New issue

Have a question about this project? Sign up for a free GitHub account to open an issue and contact its maintainers and the community.

By clicking “Sign up for GitHub”, you agree to our terms of service and privacy statement. We’ll occasionally send you account related emails.

Already on GitHub? Sign in to your account

2019 OKRs #2

Open
mikeal opened this Issue Nov 27, 2018 · 17 comments

Comments

4 participants
@mikeal
Copy link
Member

mikeal commented Nov 27, 2018

It's time to start defining the goal posts we'd like to reach by the end of 2019. I've started drafting a few and would love some feedback.

Objective: Common data-structures are available in IPLD.

  • Key Result: HAMT in IPLD is standardized and available in 2 implementations
    Collections (single namespace split over many blocks) are available.
  • Key Result: Specification and implementation in one language of an efficient sorted collection (e.g. B-tree).
  • Key Result: Specification and implementation in one language of an efficient multi-dimensional collection (e.g.
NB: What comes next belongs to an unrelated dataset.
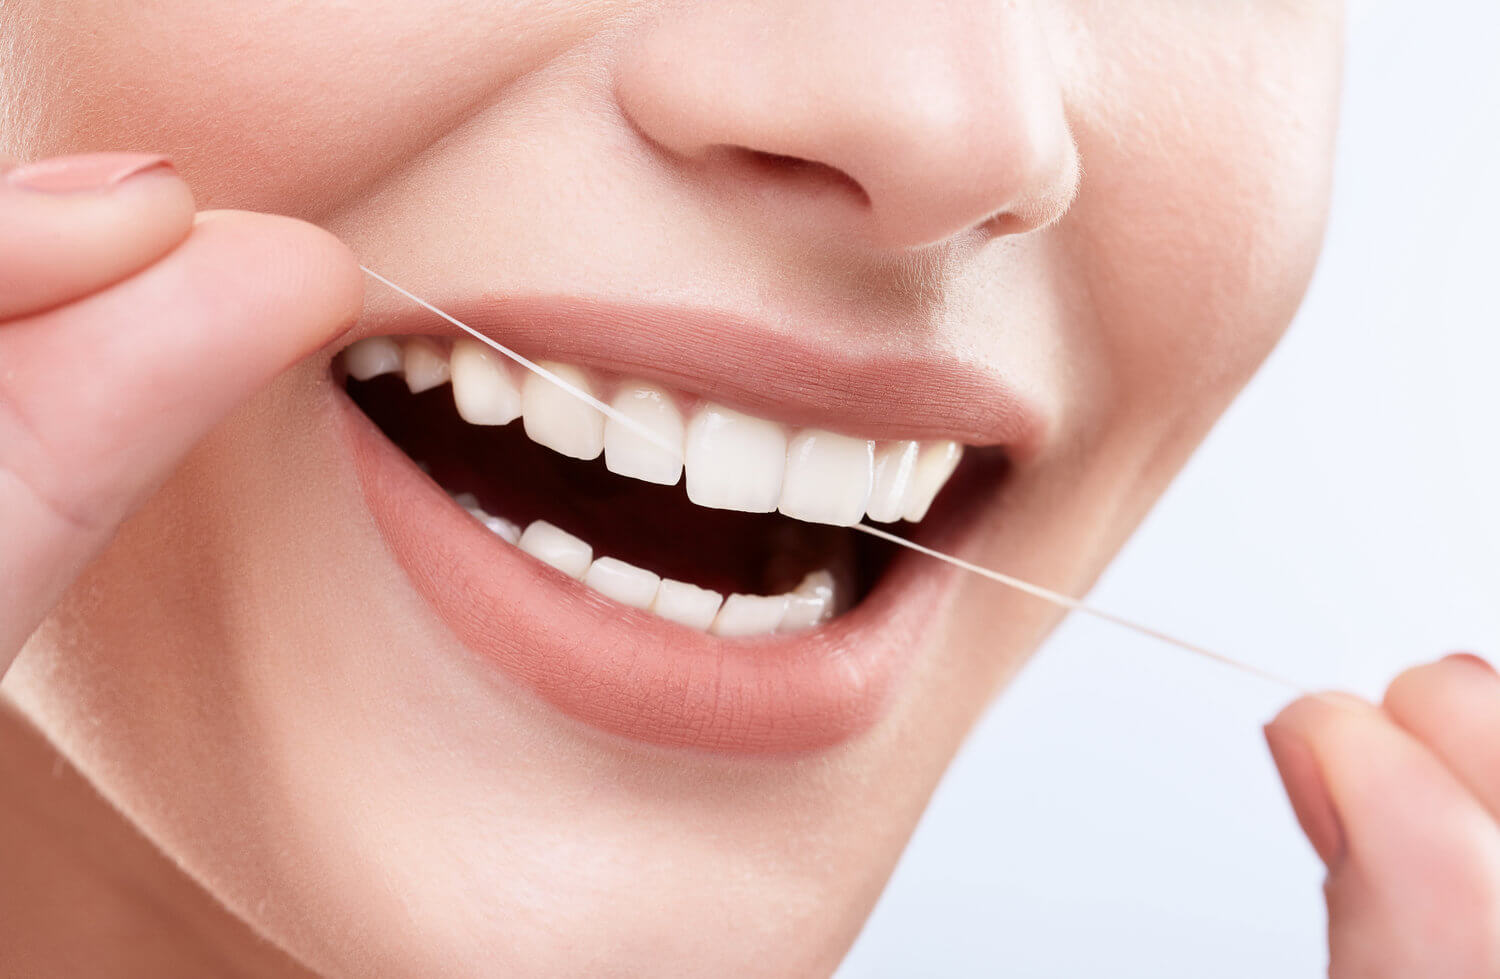 Morgan Street Dental Centre Preventive Care and Dental Hygiene - Woman with White Teeth Flossing

R-tree).

Objective: Structured indexes of IPLD graphs are available.

  • Key Result: One implementation of an index that enables any IPLD graph to be searched by secondary attributes.

Objective: Developers can easily use encrypted data-structures.

  • Key Result: Specification and implementations of a common pattern for encrypting any IPLD data-structure.

Objective: Applications are built and adopted using IPLD data-structures.

  • Key Result: IPLD is presented to 10K people.
  • Key Result: IPLD articles are viewed by 100K people.
  • Key Result: 5K unique people engage with IPLD related projects.

Objective: unixfs-v2 is widely implemented.

  • Key Result: unixfs-v2 is implemented in js-ipfs.
  • Key Result: unixfs-v2 is implemented in go-ipfs.
  • Key Result: unixfs-v2 is implemented as a stand-alone library in Node.js.

Objective: There is a replication alternative to Bitswap.

  • Key Result: Non-local blocks can be fetched by a mechanism which isn't Bitswap.
  • Key Result: System is pluggable, new ideas can be implemented easily.
@vmx

This comment has been minimized.

Copy link
Member

vmx commented Nov 28, 2018

  • Key Result: Specification and implementation in 2 languages of an efficient B-tree (sorted collections).

I would rephrase it to of an efficient sorted collection (e.g. B-tree) as I'm not sure if it will be an B-tree. I would also reduce it to 1 language. I think the focus should be on getting it working in one, rather than having two half finished implementations. Once one is done, the other should be easy.

  • Key Result: Specification and implementation in 2 languages of an efficient R-tree (geo-spatial sorted collection)

I would rephrase it to: of an efficient multi-dimensional collection (e.g. R-tree). Those collections don't need to be sorted (they could be, but likely are not). I would also reduce it to 1 language for the same reason as mentioned above.

As I'm still unsure how hard this would be and I rather see a future in search, I might even make this one a "nice to have" and not a key result. So perhaps a new KR could be (which doesn't really fit the objective yet):

  • Key Result: Any IPLD graph can be searched by secondary attributes

Objective: Developers can easily use encrypted data-structures.

This sounds like a huge one. Has anyone already put thought into this? I would probably move that to 2020 or change it to something like "Ideas around encrypted data-structures are noted down".

  • Key Result: unixfs-v2 is implemented as a stand-alone library in Node.js.

Isn't this automatically done with the "unixfs-v2 is implemented in js-ipfs" one?

  • What kind of goals should we have for replication?

Objective: There is an alternative to Bitswap

  • Key Result: Non-local blocks can be fetched by a mechanism which isn't Bitswap
  • Key Result: System is plugable, new ideas can be implemented easily
@mikeal

This comment has been minimized.

Copy link
Member

mikeal commented Nov 28, 2018

@vmx

  • altered the B-Tree and R-Tree KR's.
  • added a new OKR for indexing to cover the search case.
  • added replication ORK's you noted.

Isn't this automatically done with the "unixfs-v2 is implemented in js-ipfs" one?

The current unixfs implementation in JS isn't exactly standalone, it is a single module but it basically requires all of IPFS in order to function. I mean something more along the lines of https://github.com/mikeal/js-unixfsv2-draft which is currently written to the old unixfsv2 draft.

@mikeal

This comment has been minimized.

Copy link
Member

mikeal commented Nov 28, 2018

Objective: Developers can easily use encrypted data-structures.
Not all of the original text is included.